YOUR INSTRUCTIONS:
Every line below is to be copied exactly, with the pictures left out.

====== SOURCE MATERIAL ======

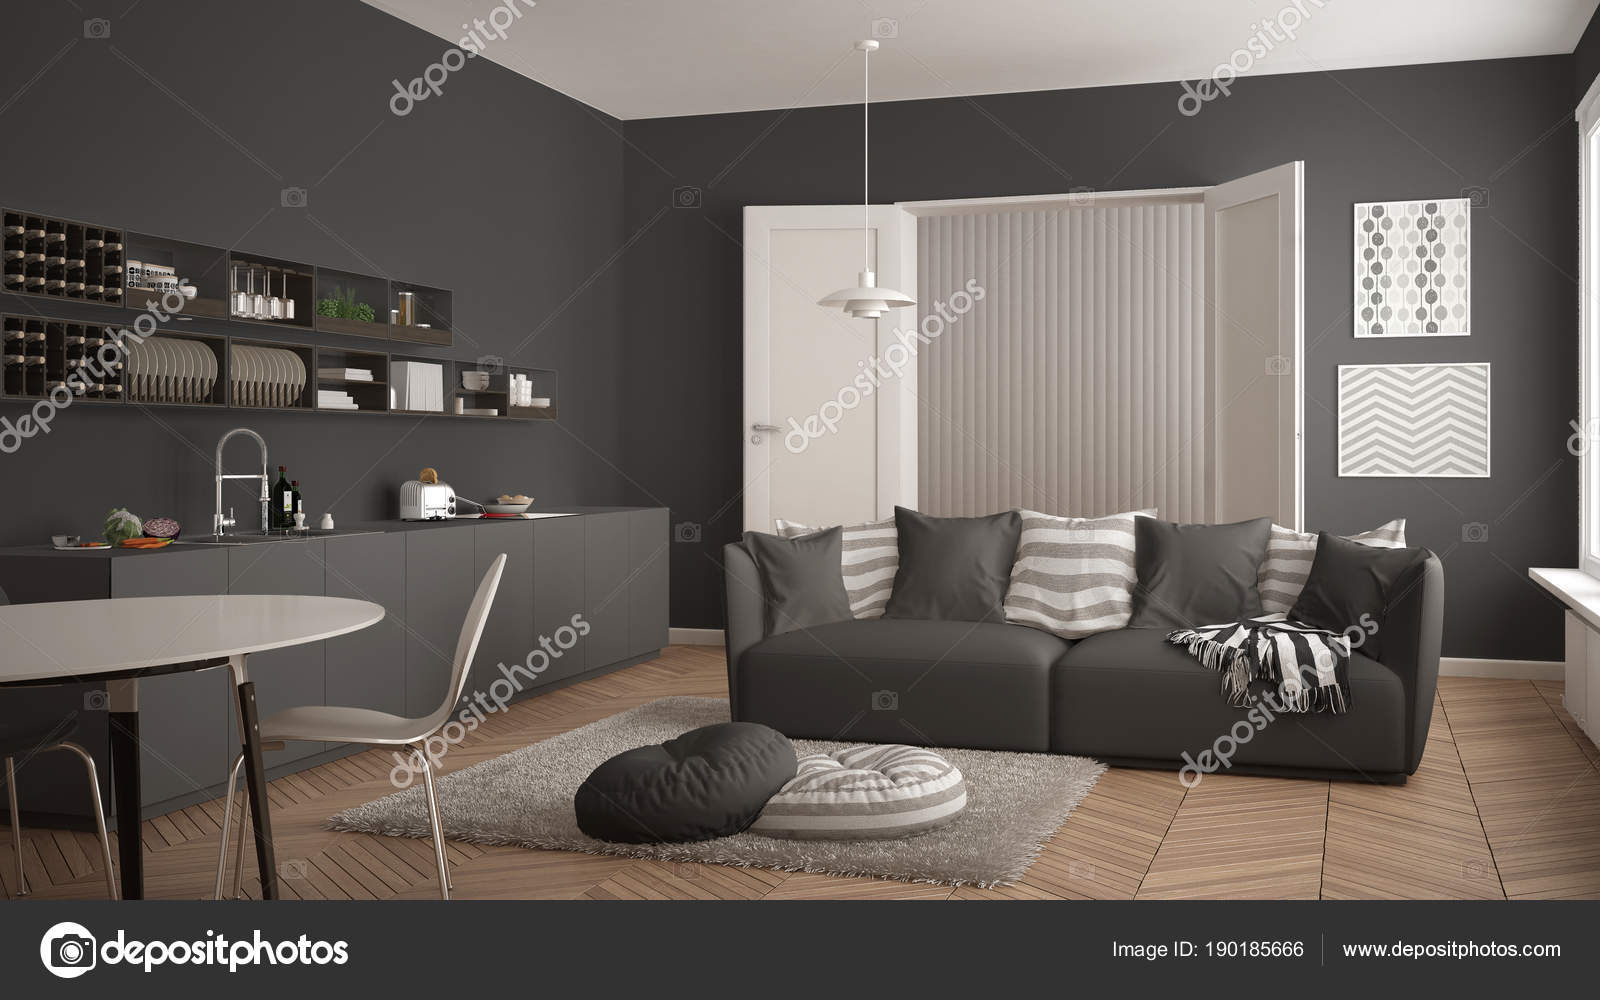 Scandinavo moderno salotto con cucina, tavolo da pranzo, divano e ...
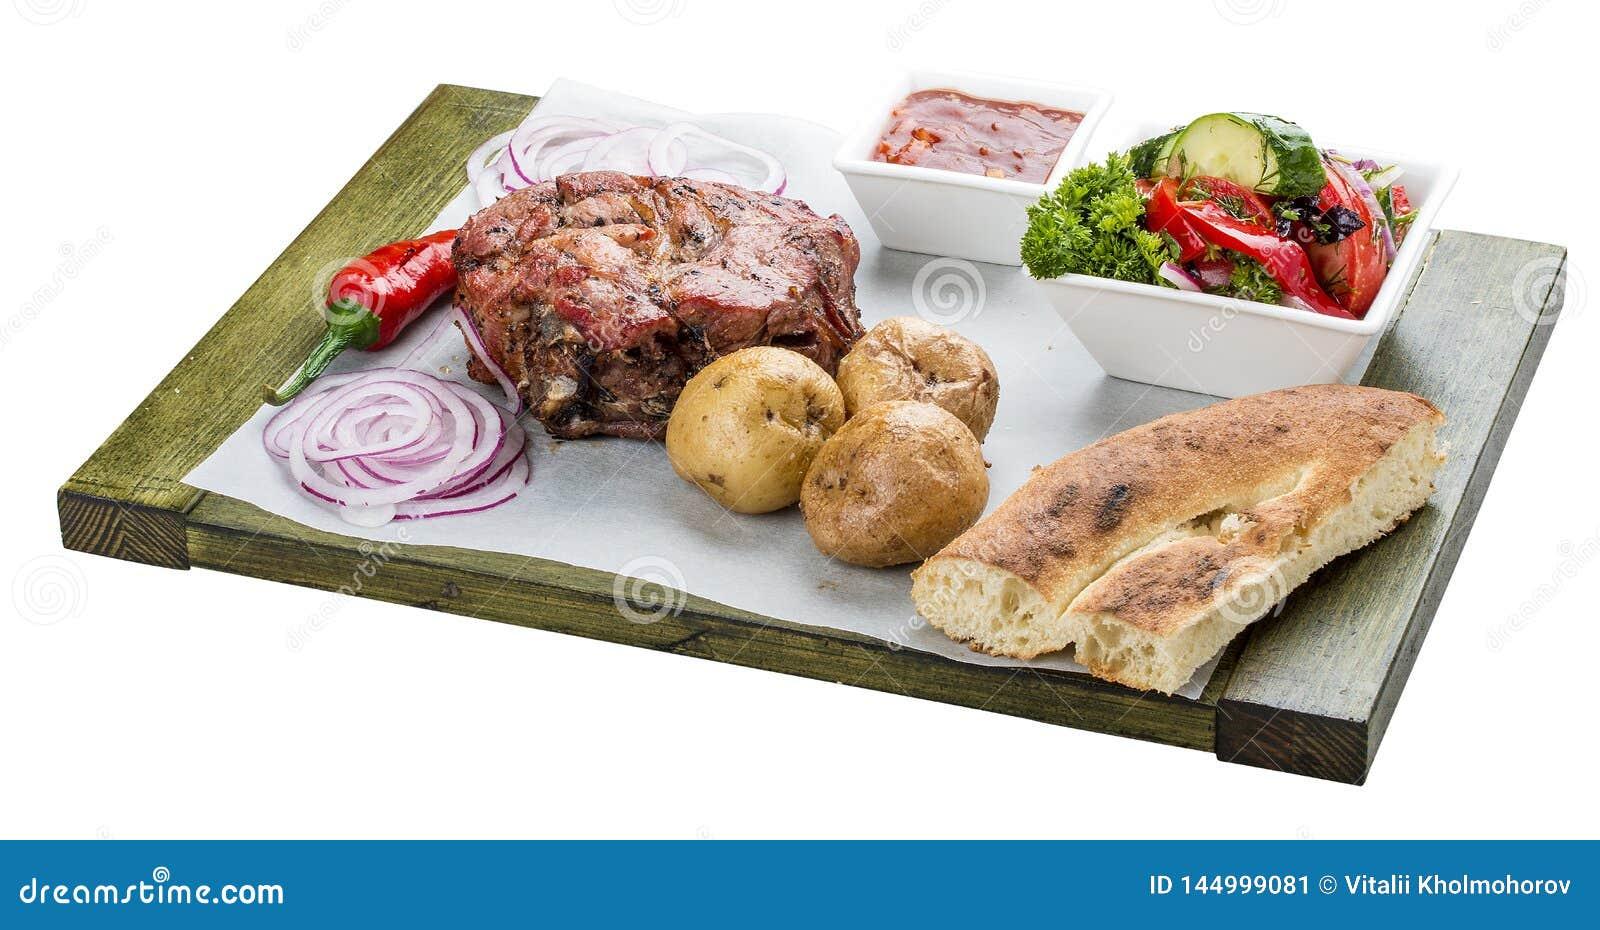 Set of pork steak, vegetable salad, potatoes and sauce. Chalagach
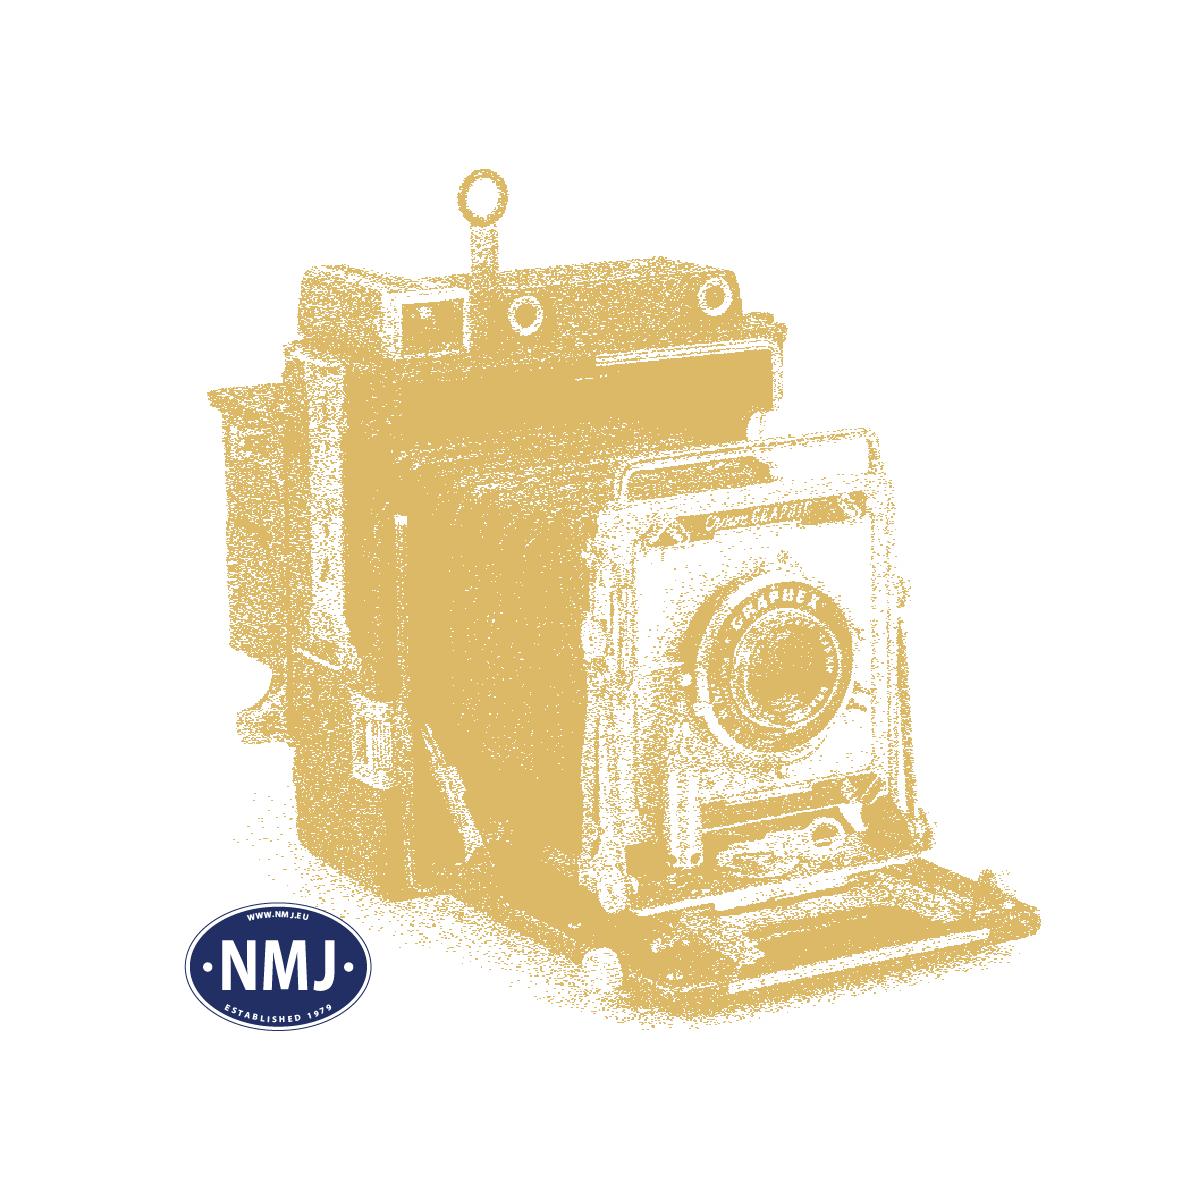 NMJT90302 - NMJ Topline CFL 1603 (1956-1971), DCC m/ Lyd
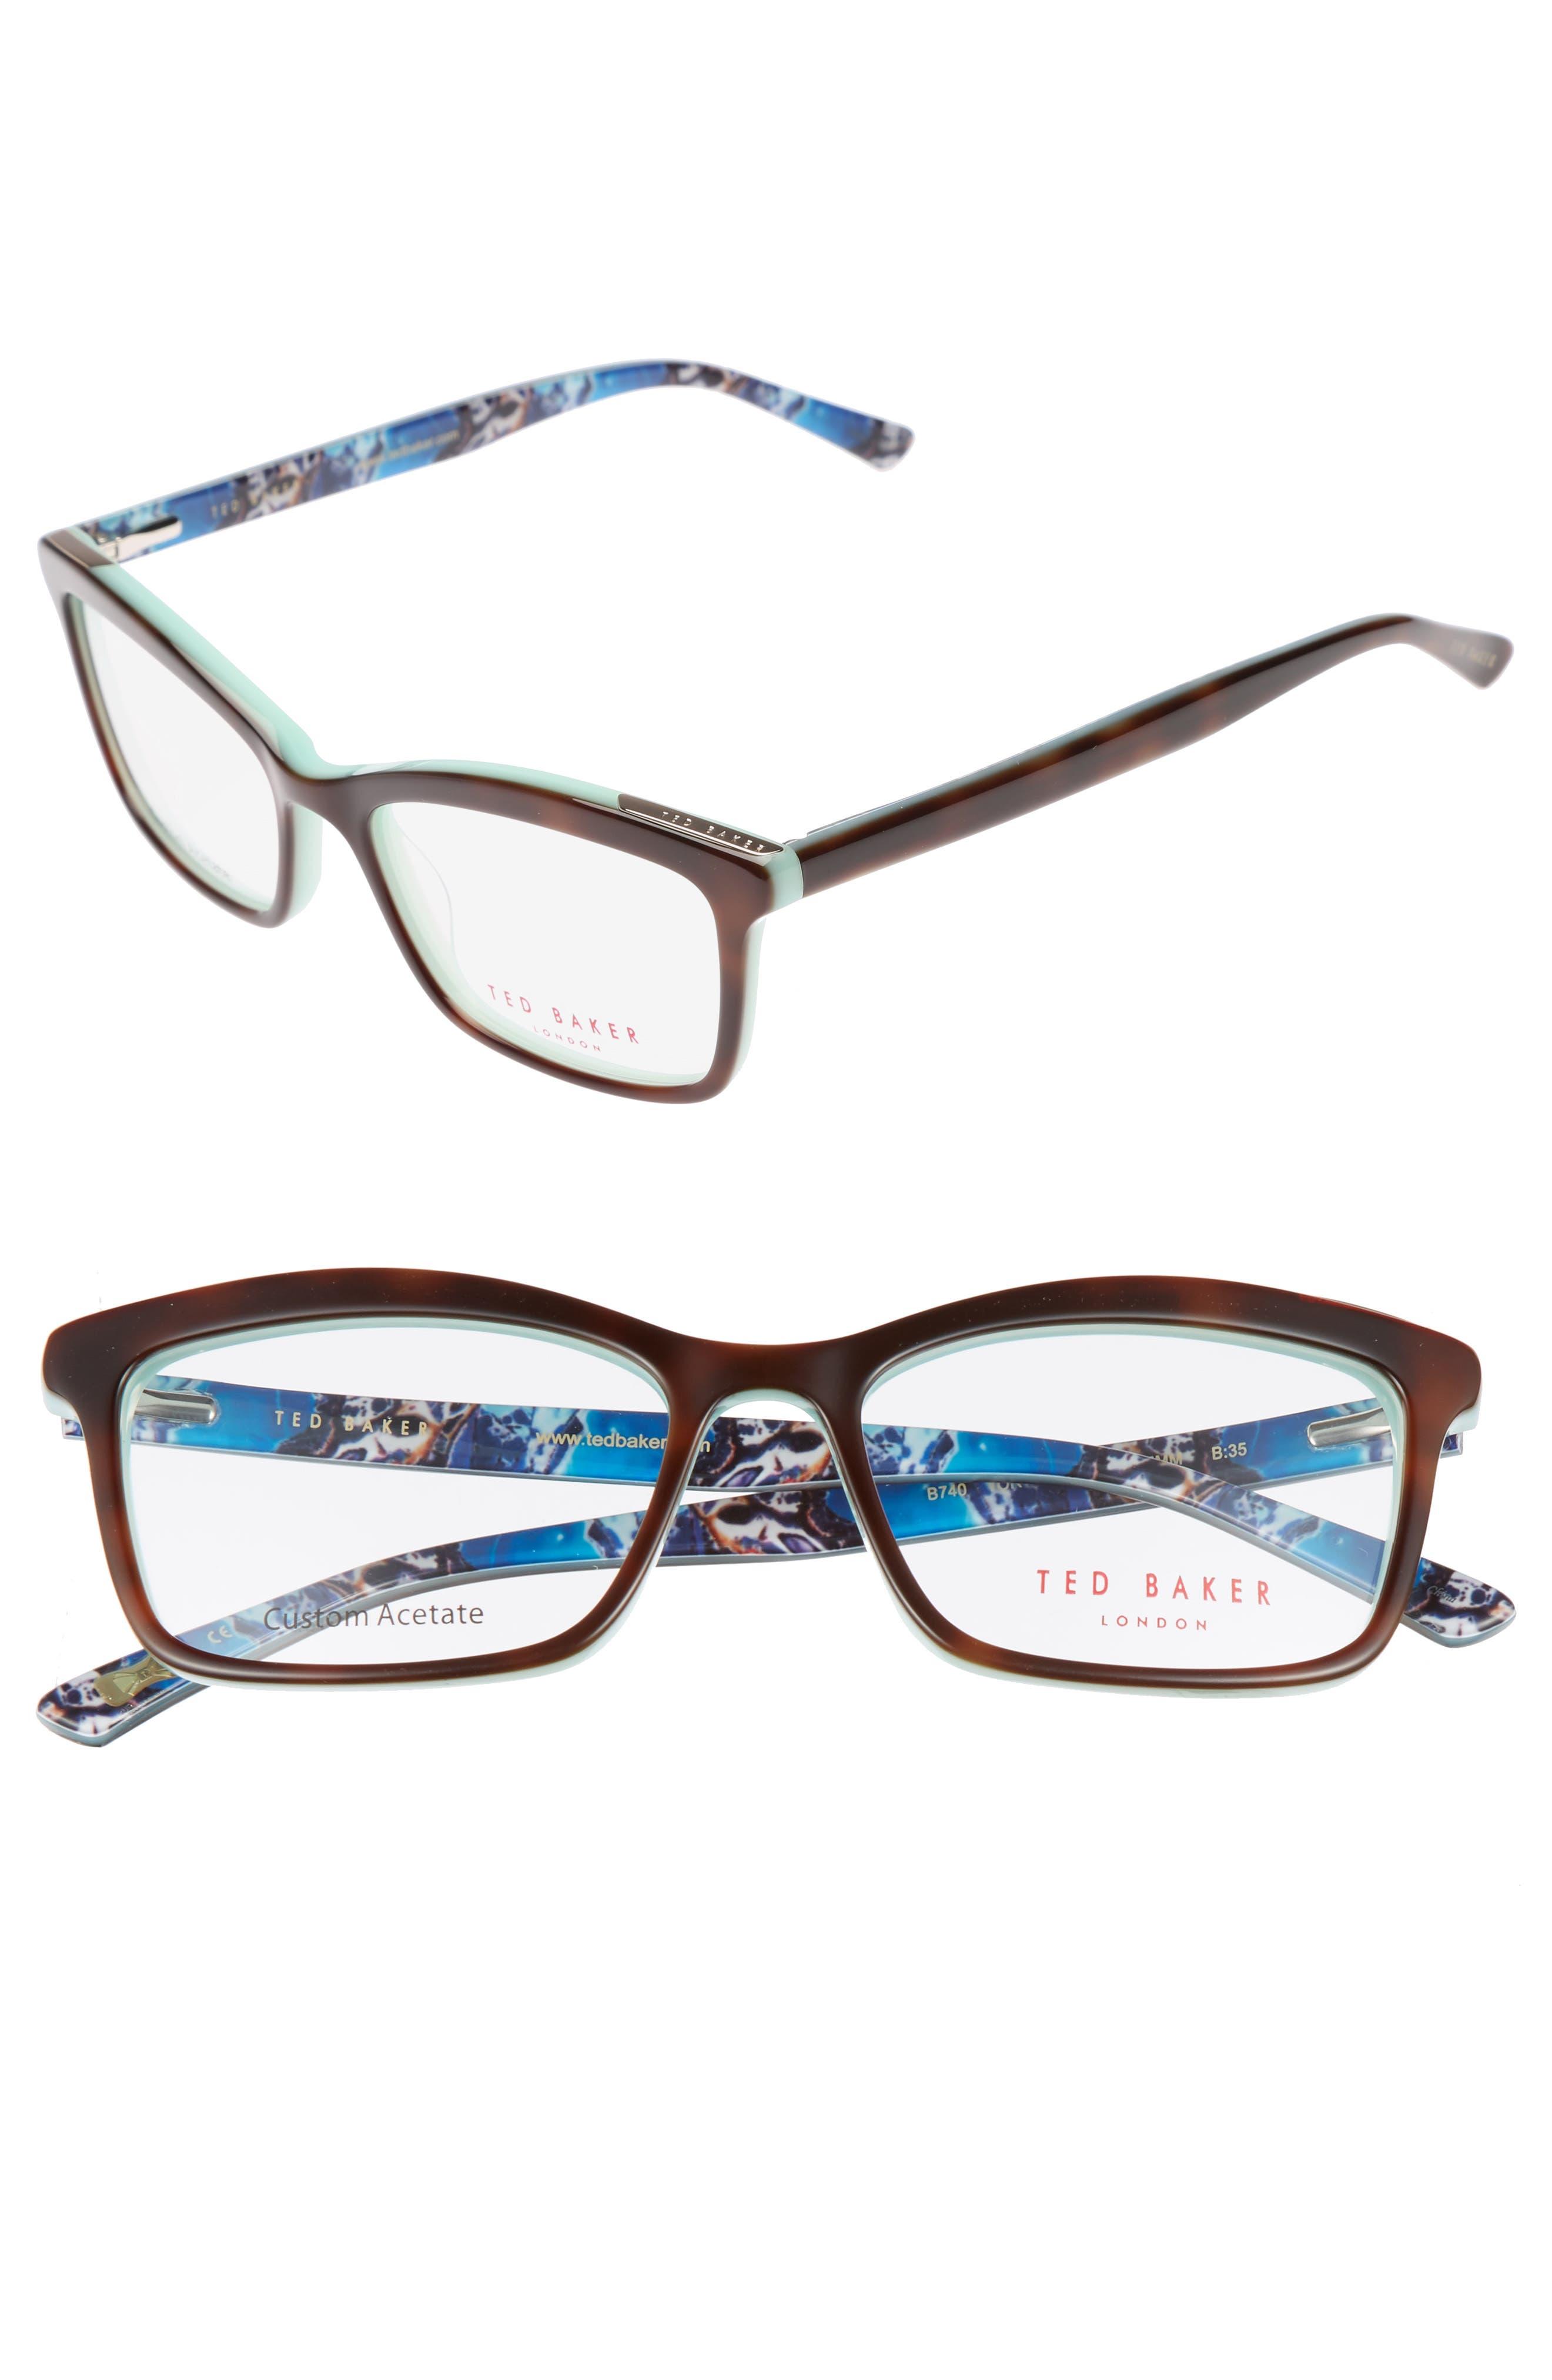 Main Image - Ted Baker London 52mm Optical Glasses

======

EXERCISE RESULT:
 Scandinavo moderno salotto con cucina, tavolo da pranzo, divano e ...
 Set of pork steak, vegetable salad, potatoes and sauce. Chalagach
 NMJT90302 - NMJ Topline CFL 1603 (1956-1971), DCC m/ Lyd
 Main Image - Ted Baker London 52mm Optical Glasses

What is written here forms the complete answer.